In order to realize the automatic association between business data and buried data, we tried the way of log association of the front and back end at first. That is, when the front-end requests the back-end API, the back-end writes service data to the log, and finally merges the corresponding front-end and back-end logs during data cleaning. The problem with this approach is the high cost of back-end transformation and the high overhead of data cleaning, so it is not widely used. However, this association is necessary in some special scenarios, such as some business data that is known only by the back-end and not by the front-end.

More common data associations occur between front-end data. When a page jumps, the service data is transferred to the next page through the transfer of the standard jump URI Scheme, and automatically filled in the PV event of this page. All other events generated within the page carry the same business data as PV events.
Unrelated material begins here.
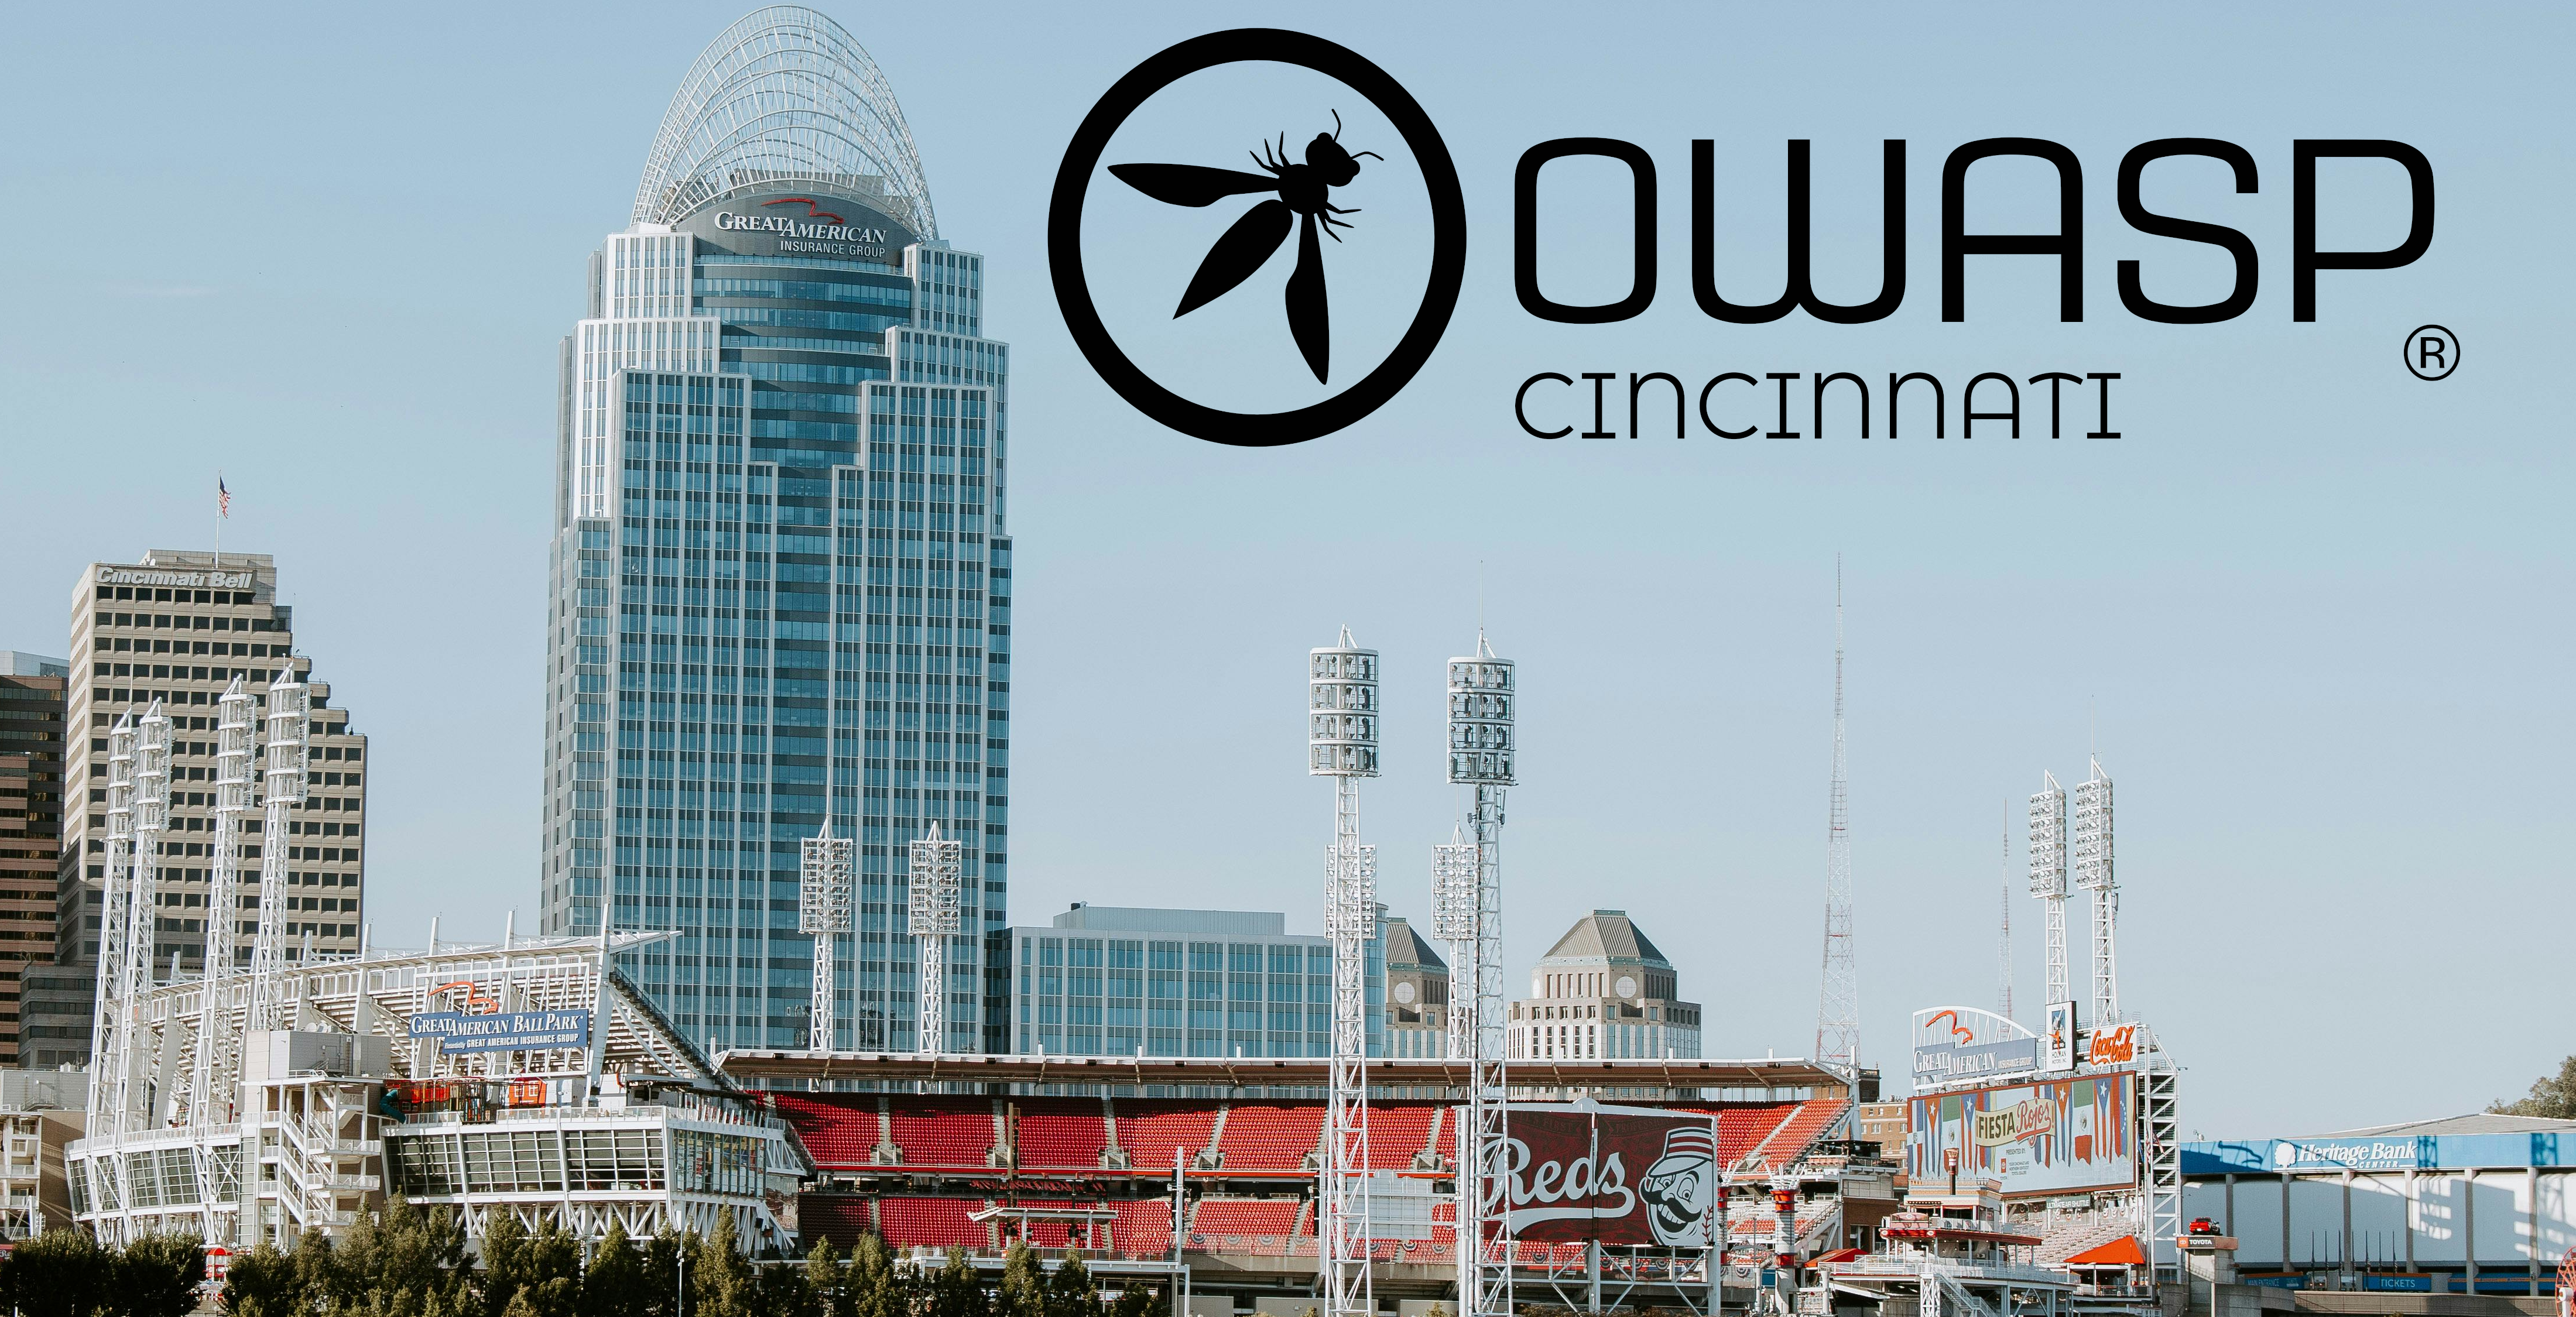 OWASP Cincinnati

Thus, by automatically generating event identifiers and data correlation, we are able to achieve “traceless burial points” and burial point nodes can be delivered dynamically through configuration files, thus providing dynamic deployment and recovery of burial points. It is important to note, however, that this “traceless burying point” does not solve all problems, and when business fields cannot be retrieved through data correlation (which is more common), developer code burying points or declarative burying points are still required to specify business fields. According to the data in the current practice stage, about 70% of burying point requirements in the business can be solved by traceless burying point, while for the other 30% of burying point requirements, declarative burying point and code burying point still need to be used.

conclusion

Front-end data collection and reporting are the most important links in the process of building a data platform. The data reported by the front-end of Meituan-Dianping every day reaches 10 billion times. In order to better meet the demand of various business increasingly complex burial site, as well as to the buried point accuracy, timeliness, the requirement of the development efficiency, we buried in the code point solutions evolved on the basis of a set of lightweight, declarative front buried point solutions, and buried in a dynamic point, non-trace buried point the direction for further exploration and practice. At present, the declarative buried point has been fully used in some businesses and achieved the expected benefits from data quality and developer feedback. The traceless embedding point is also being verified and continuously optimized in some businesses, and will be further promoted in the company.

In practice, we realize that burying point problem can not be solved by a single technical solution, we need to choose different burying point solution in different scenarios. For example, for simple user behavior events, you can use traceless burying points to solve; Declarative burying points are needed to address the need to carry a large number of business fields that are available only at runtime. From a higher level, in addition to the optimization of front-end buried point technology, the standardization of buried point data, the coordination of front and back end buried point, data cleaning and association are also very important for the construction of a more automated and dynamic buried point system in the future.